Last Updated September 2021

Private banks: Major international brands benefited from a flight to quality following market disruption, increasing their share of net new money. Sub-scale brands are likely to rationalize footprint, consolidation of smaller players will increase as scale becomes more important in all areas of the market regardless of geography or focus (UHNW, Swiss Private, etc).

Robo-advisers: New investors have turned to robo-advisers in greater numbers in the crisis. The US robo-advice industry is estimated to be $1tn at the end 2020, a marked increase in investor market share. The higher AUM gives major players within it the scale to be profitable and compete with even the largest traditional wealth managers, small scale robo-advisers are being acquired. Managing and retaining new investors will be a major challenge, as highlighted by Robinhood's IPO.

Financial advice firms: Independent wealth managers will need to quickly embrace digital channels and help their typically older and less technologically savvy clients adapt to the new remote era. Consolidation is expected to increase following this crisis, particularly as the need for a full suite of digital engagement tools becomes apparent in the 'new normal.'

Brokerage: Online brokerages fare well in crisis as there is ample opportunity for earning fees as investors chop and change their portfolios in light of market volatility, a prolonged recession is more of a concern. Pressure on commission rates (particularly for equity trades) will continue as investors increasingly expect near zero costs. Consolidation will continue as ever greater economies of scale are needed.

Asset managers: While volatile markets make for difficult times for investment managers, it also throws up more and new investment opportunities and can show the value of actively managed funds. The costs associated due to coping with COVID-19 will accelerate consolidation in the sector, with a number of major wealth managers buying up specialist asset managers.


IMF has revised its 2020 global GDP forecast to -4.4% from an estimate of -4.9% made in June.


The global economy is estimated to contract by 4.2% in 2020 and bounce back by 5.3% in 2021.

Impact of Covid-19 on equity indices

- SECTOR IMPACT: Finance -

Last Updated September 2021

Clinical trial market impact


Trial disruption is leveling off and disrupted trials saw a small dip, with 1,032 trials still disrupted and 579 pharma/biotech companies and contract research organisations associated with disrupted clinical trials.


There are currently 3,414 clinical trials underway for Covid-19, including 172 multinational trialsroboto slab and 2,818 single-country trials.

Tracking the banking and payments sector’s Covid-19 recovery: How has the sector fared in Q2 2021?

The banking and payments sector has emerged as a relatively strong performer in the world economy when it comes to post-pandemic performance in Q2 2021.

Activity levels in the sector were 23.5% higher than they were at the end of 2019, before the pandemic decimated economies across the world. This means that, of the 18 sectors included in the analysis, the banking and payments sector ranks sixth in terms of its latest value for Covid-19 activity recovery.

The healthcare sector saw the highest sector activity levels in Q2 2021 relative to the last quarter of 2019, with the automotive, technology and apparel sectors comprising the rest of the top four.

GlobalData's sector activity metric is a derived from several of the company's research datasets. The composite index is composed using a combination of company level data on job advertisements, deals, stock prices and sentiment analysis across financial filings and news reports. It is a dynamic metric taking in millions of datapoints that can be used to track how strongly different sectors or industries are performing.
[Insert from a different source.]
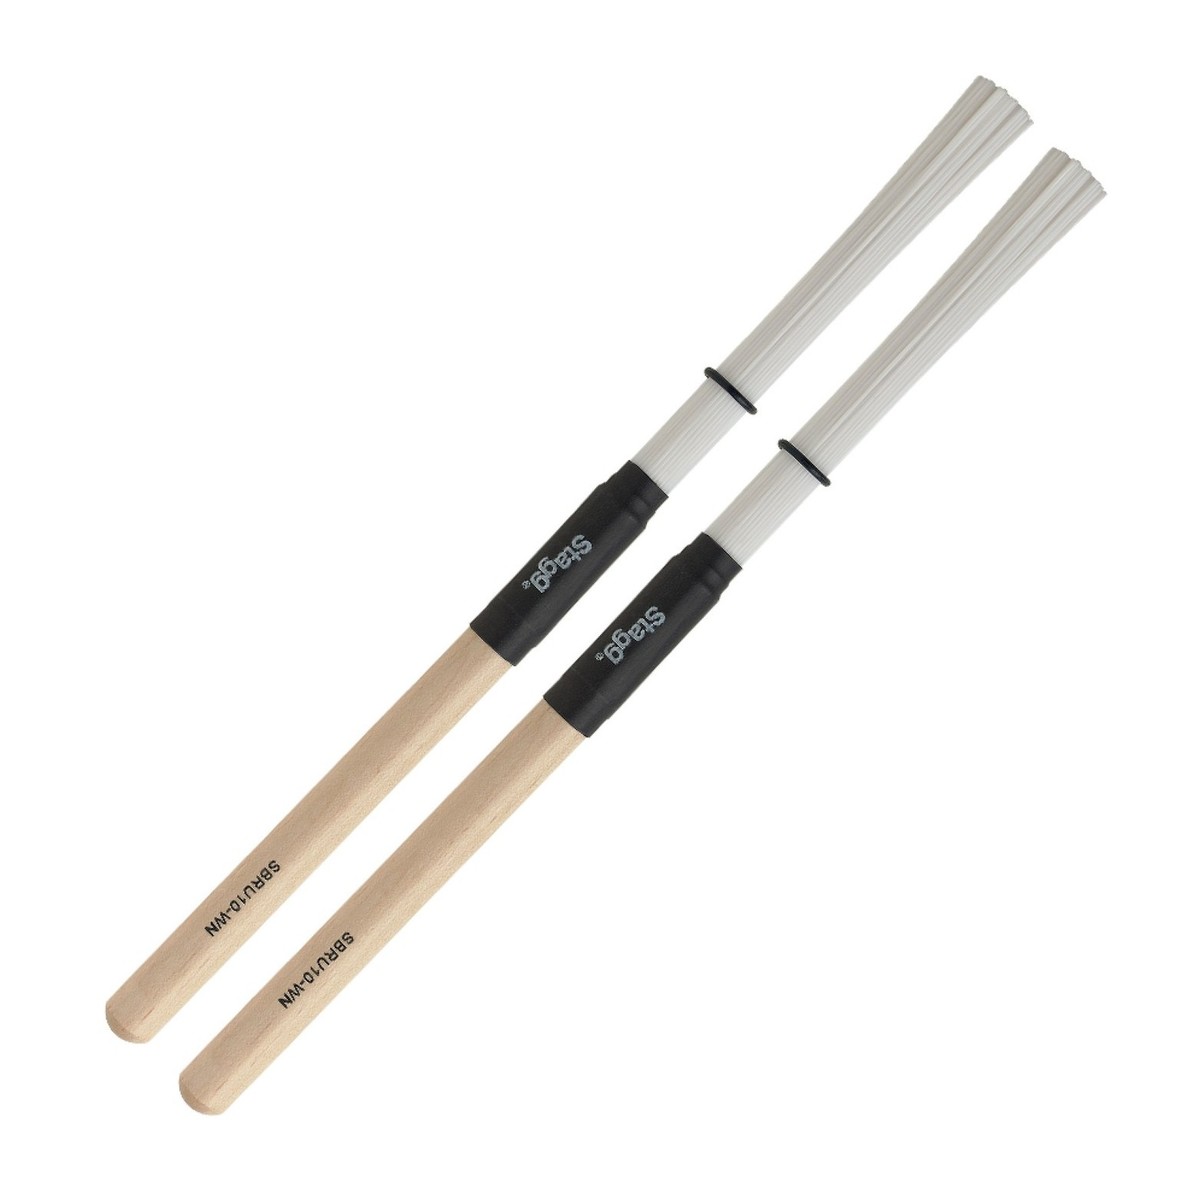 An image of Stagg Nylon Brushes Extra Dynamic Wooden Handle | PMT Online

We can also delve into the component parts of the index to get a sense of exactly where companies from a given sector are over or underperforming. One of the more traditional measures of tracking performance is through the value of company stocks, which we've grouped together by industry to form a stocks performance index for each. After a dip in Spring 2020, the average sector has been performing above pre-pandemic levels since early August 2020. However, the extent of recovery varies by sector.
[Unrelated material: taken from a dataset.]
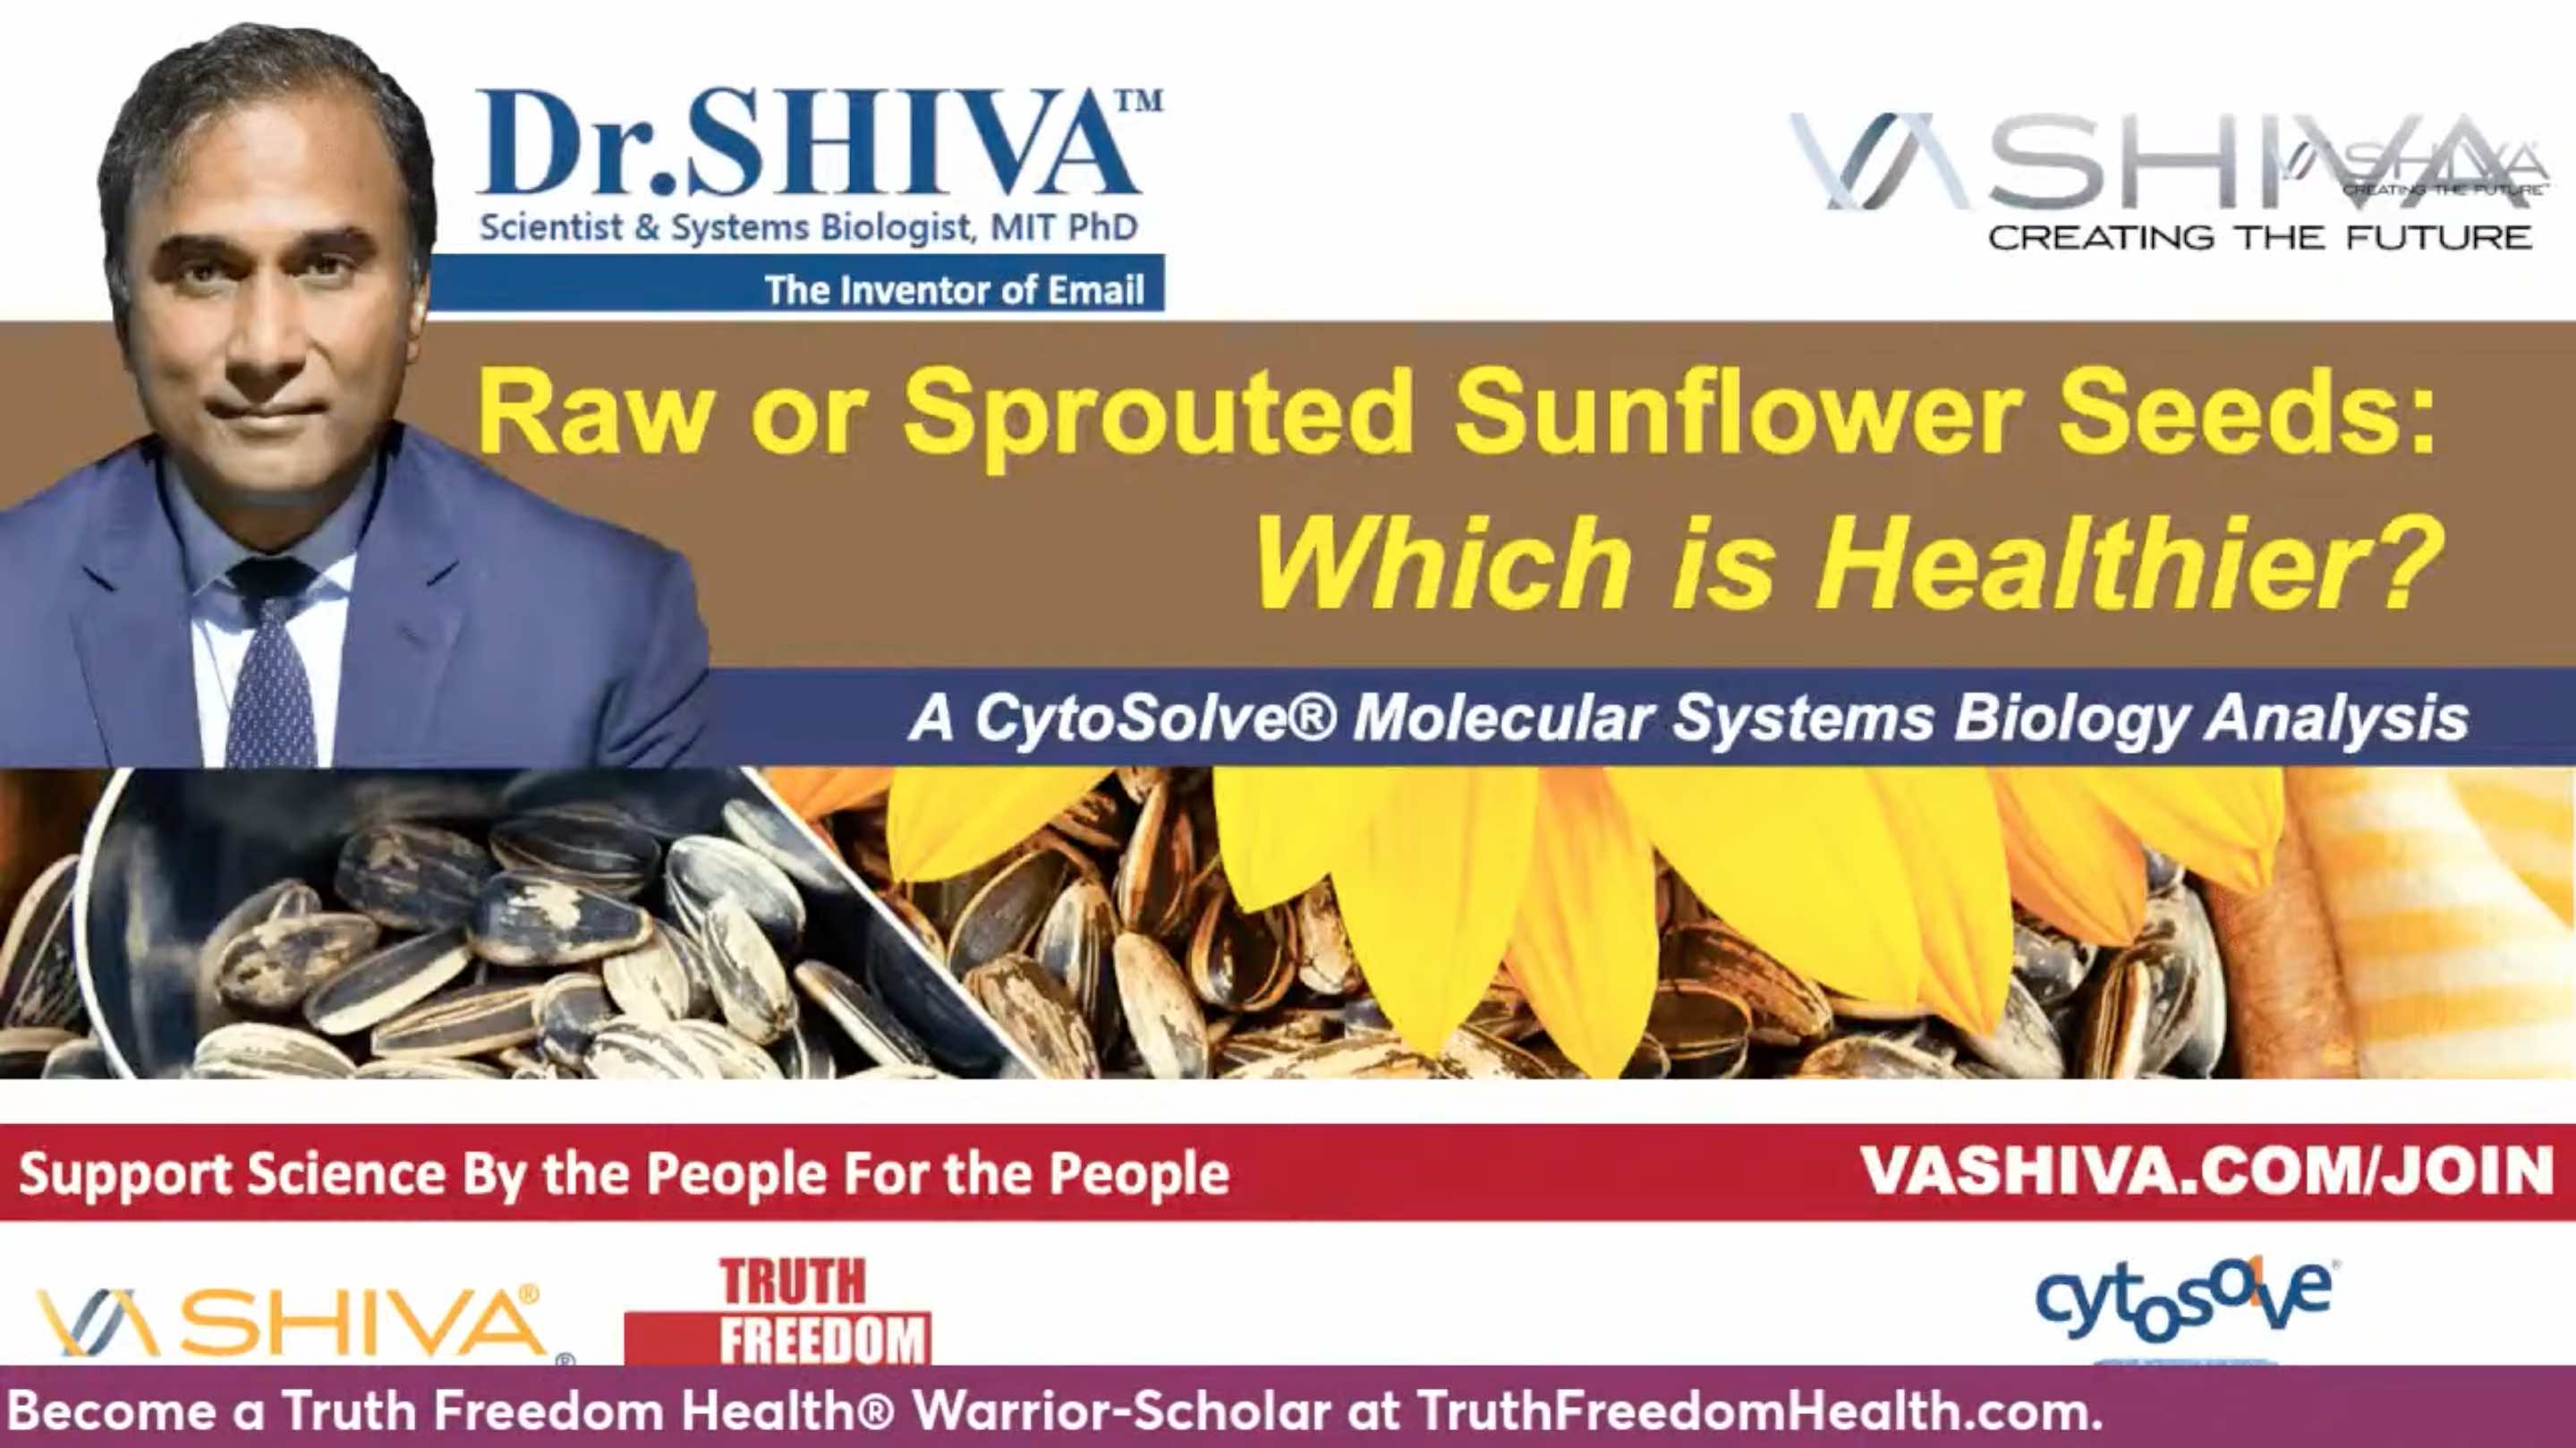 Dr.SHIVA LIVE: Raw or Sprouted Sun Flower Seeds - Which Is Healthier?

Banking and payments stocks generally underperformed the market in the past year, as per the chart above. By 30 June 2021, stocks in these companies - as tracked by GlobalData - were 26.2% above their starting point in October 2019.

Hiring levels are also useful in determining how confident a company is feeling about the months ahead. GlobalData's jobs index tracks job openings across thousands of companies on a daily basis, allowing us to assess that confidence in real-time and gauge which sectors are feeling Covid-19's impact the hardest.

The number of open job advertisements in banking and payments is currently at a higher level compared to most other industries, relative to their pre-pandemic norms. By 20 June 2021, the latest date for which data are available, hiring levels were 86.3% higher than those recorded prior to Covid-19's impact. This means that the banking and payments ranks second out of the 18 sectors analysed when it comes to the recovery of hiring levels.

In addition to jobs and stocks, our composite index also factors deals into account, tracking mergers, acquisitions, private equity and venture capital deals on a daily basis. This, again, can be seen as a good indicator with which to gauge how ambitious companies are feeling, with a greater number of deals indicating a more optimistic outlook.

Relative to pre-pandemic levels, the volume of financial deals in banking and payments has been higher than that of most other industries over the past 19 months.